Mr Benson was, in fact, the Victorian manager for DomaCom, and his was a test case, for the efficacy of the DomaCom sub-fund structure and also for leasing to parties related to the SMSF member(s).

The sole purpose test

Section 62 of the SIS Act provides: “Each trustee of a regulated superannuation fund must ensure that the fund is maintained solely: (a) for one or more of the following purposes … : (i) the provision of [superannuation] benefits for each member of the fund“. A ‘sole’ purpose test, sets a very high threshold.

In dismissing the SMSF’s application for declaratory relief, the Court ruled that the investment in the units breached the sole purpose test as the investment was for the collateral purpose of providing housing for a relative.
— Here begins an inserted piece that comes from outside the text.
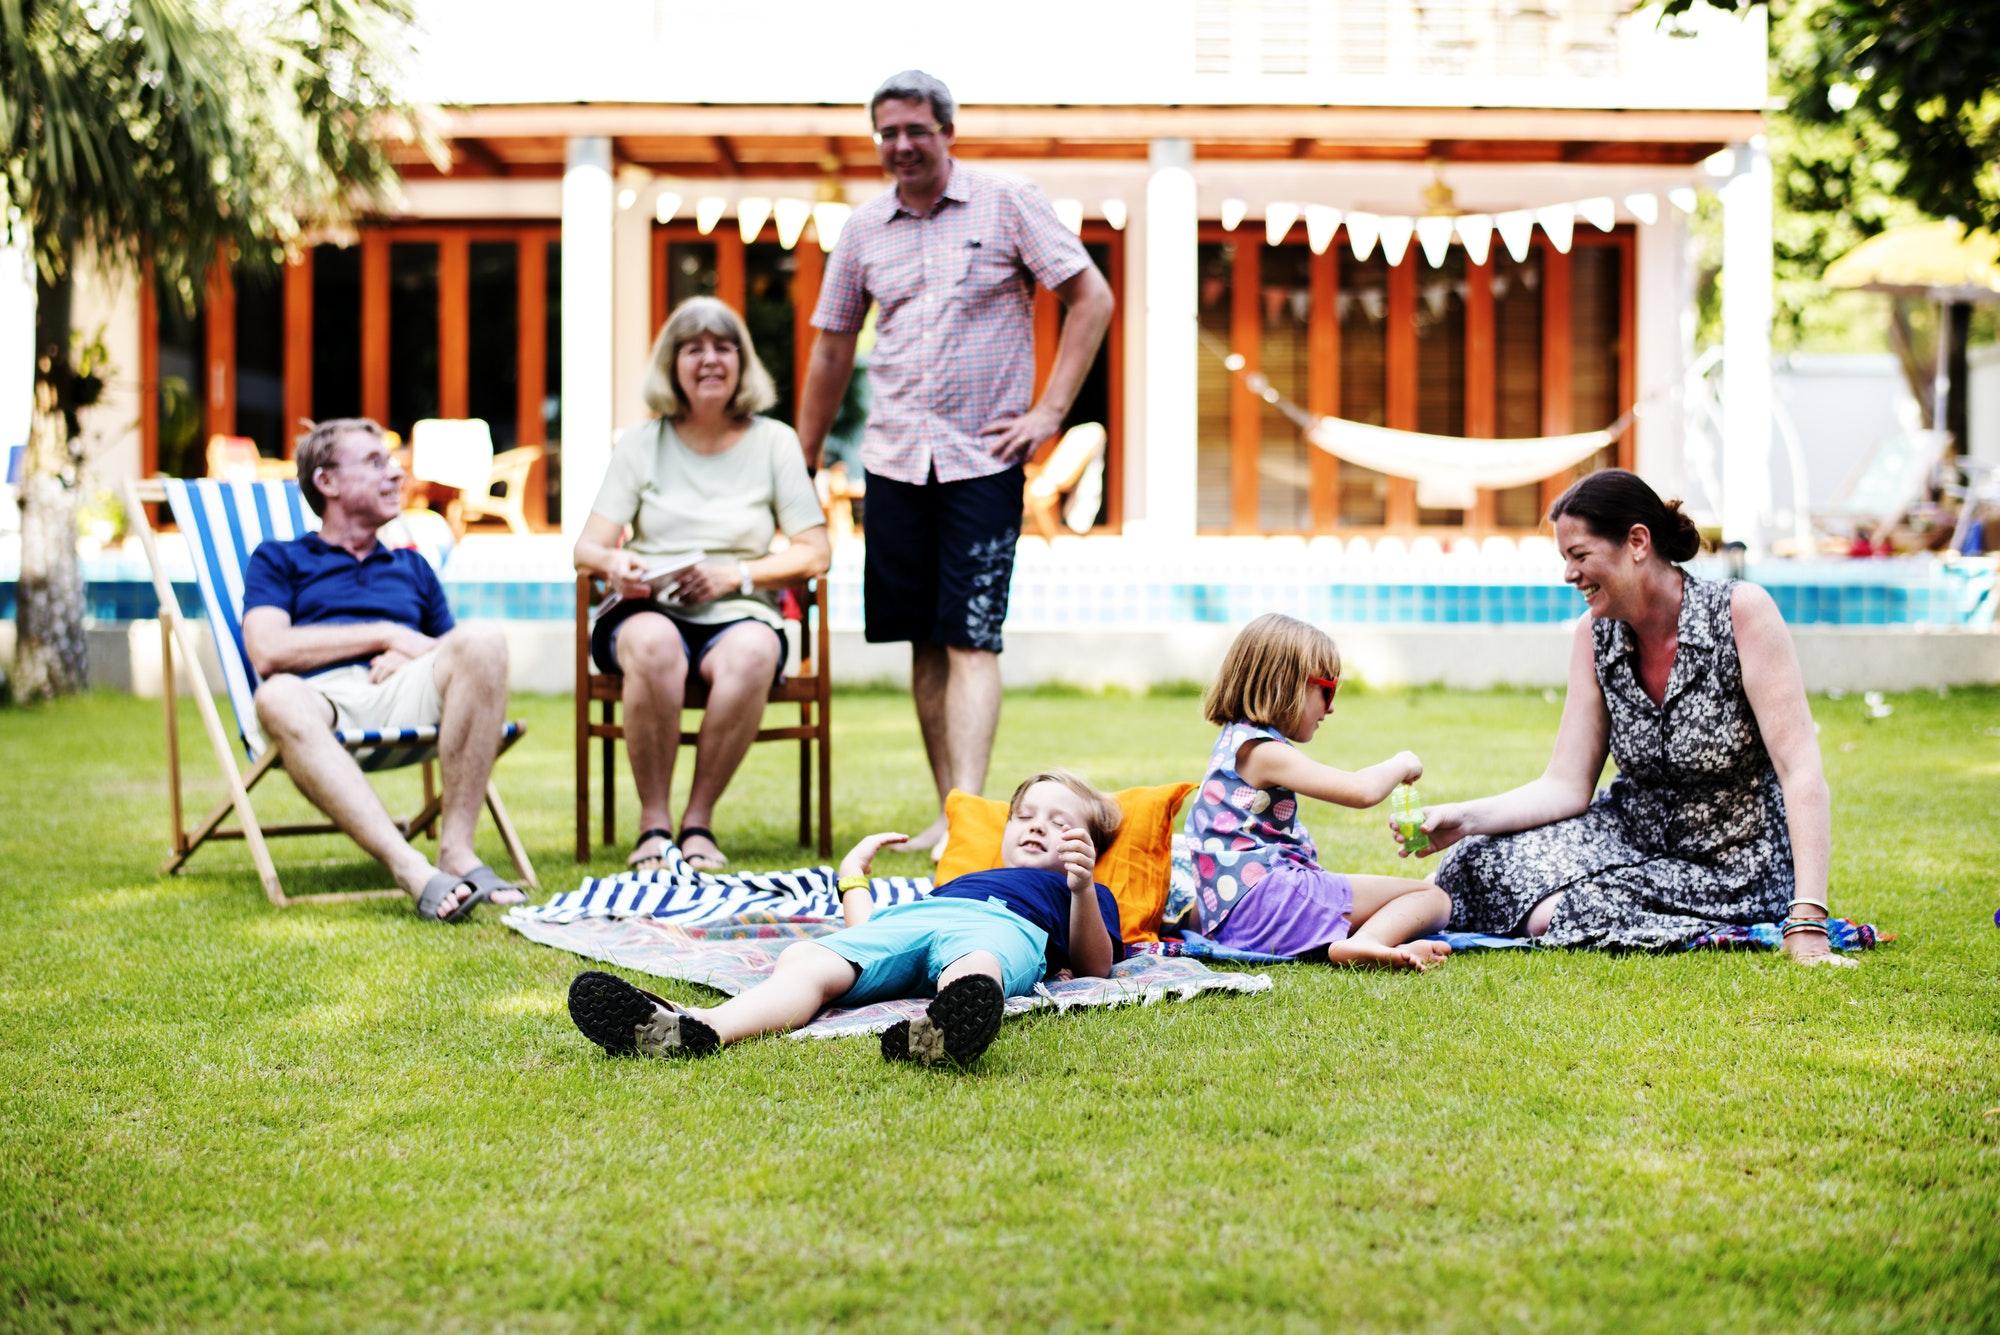 Caucasian family enjoying summer together at backyard
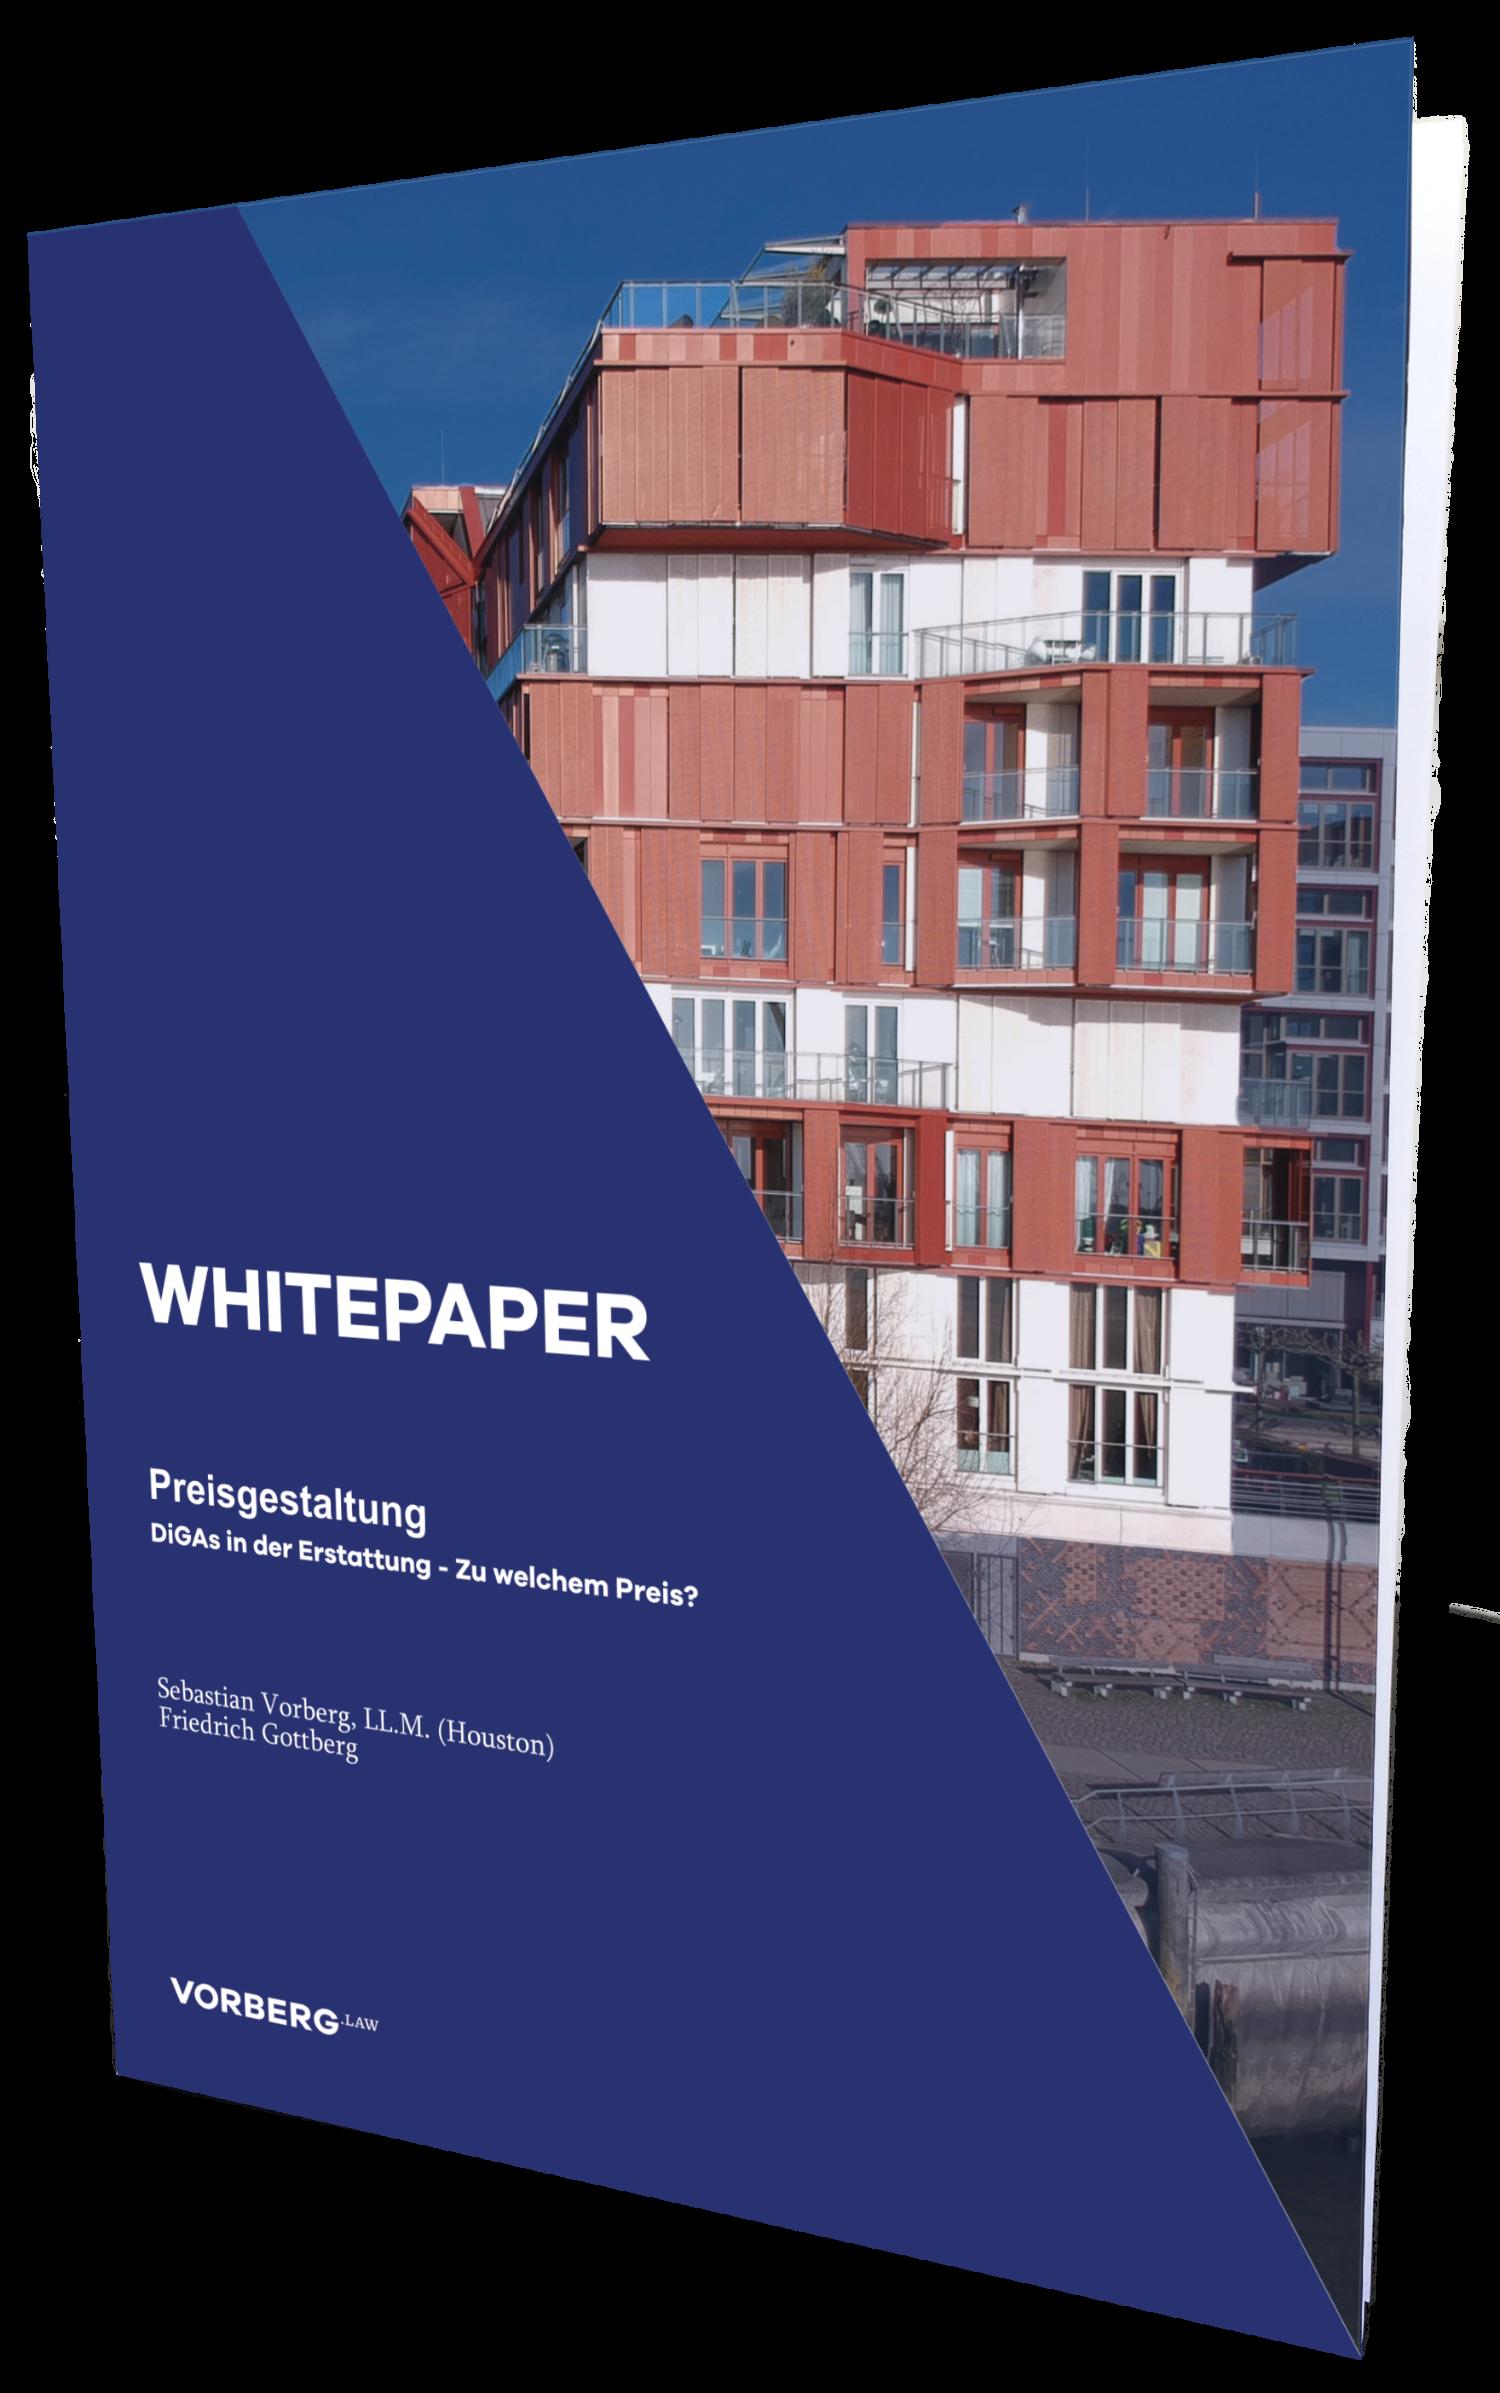 Stockbild_Whitepaper Preisgestaltung

While there may be circumstances in which a lease to a related-party would not breach the sole purpose test, the Court said that, the evidence in this case was, that the purpose of the SMSF investment, in student accommodation, through the DomaCom Fund was, in part, to provide housing for the member’s daughter.

Ultimately, it did not assist that the sub-fund was part of a much larger fund; that the leasing was through a dedicated student agency, which also managed the accommodation units; that the first two occupants were unrelated; or that the daughter paid an arm’s length rent, making it perform properly as an investment.

In-house Assets Test

Section 82(2) of the SIS Act prohibits ‘regulated superannuation funds’ having more than 5% of the value of their investments in ‘in-house assets’ as defined. The ‘basic’ definition of ‘in-house asset’, is in s71(1) of SIS, which provides:

71(1)   For the purposes of this Part, an in-house asset of a superannuation fund is an asset of the fund that is a loan to, or an investment in, a related party of the fund, an investment in a related trust of the fund, or an asset of the fund subject to a lease or lease arrangement between a trustee of the fund and a related party of the fund, but does not include: …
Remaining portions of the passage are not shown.